## Exercise requirements
In the listing below, find each line containing "sonra" and report it.

*** Supplied material ***

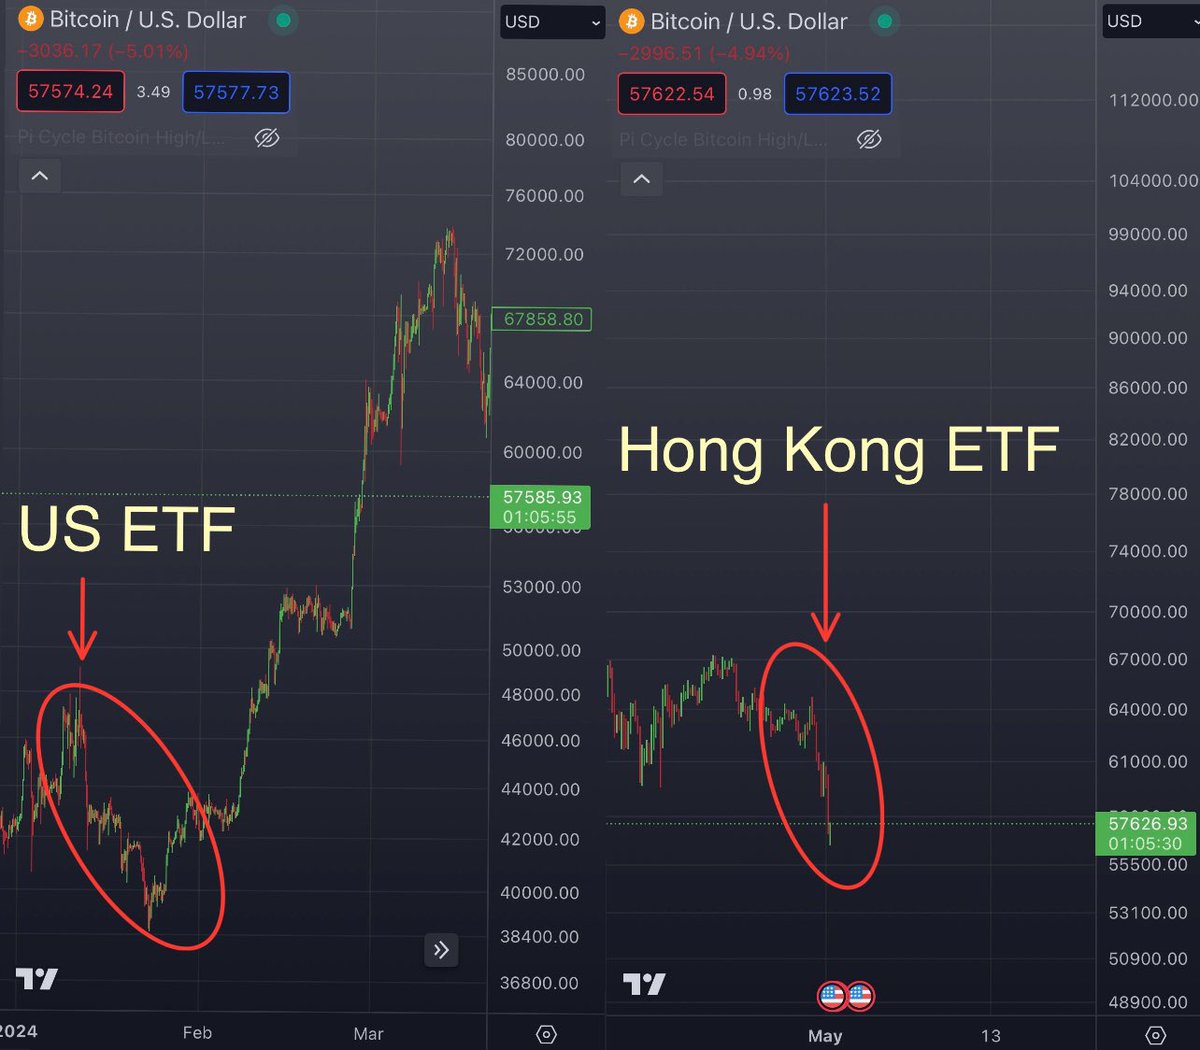 Tarih tekerrür edecek mi?

ABD’de ETF’ler onaylandıktan sonra #BTC çok kısa bir süre içerisinde %10 düşüp ardından ralli yapmıştı.

Geçtiğimiz pazar gününde de Hong Kong’da ETF’ler işleme başladıktan sonra %10 düştü.

***

## Reply
ABD’de ETF’ler onaylandıktan sonra #BTC çok kısa bir süre içerisinde %10 düşüp ardından ralli yapmıştı.
Geçtiğimiz pazar gününde de Hong Kong’da ETF’ler işleme başladıktan sonra %10 düştü.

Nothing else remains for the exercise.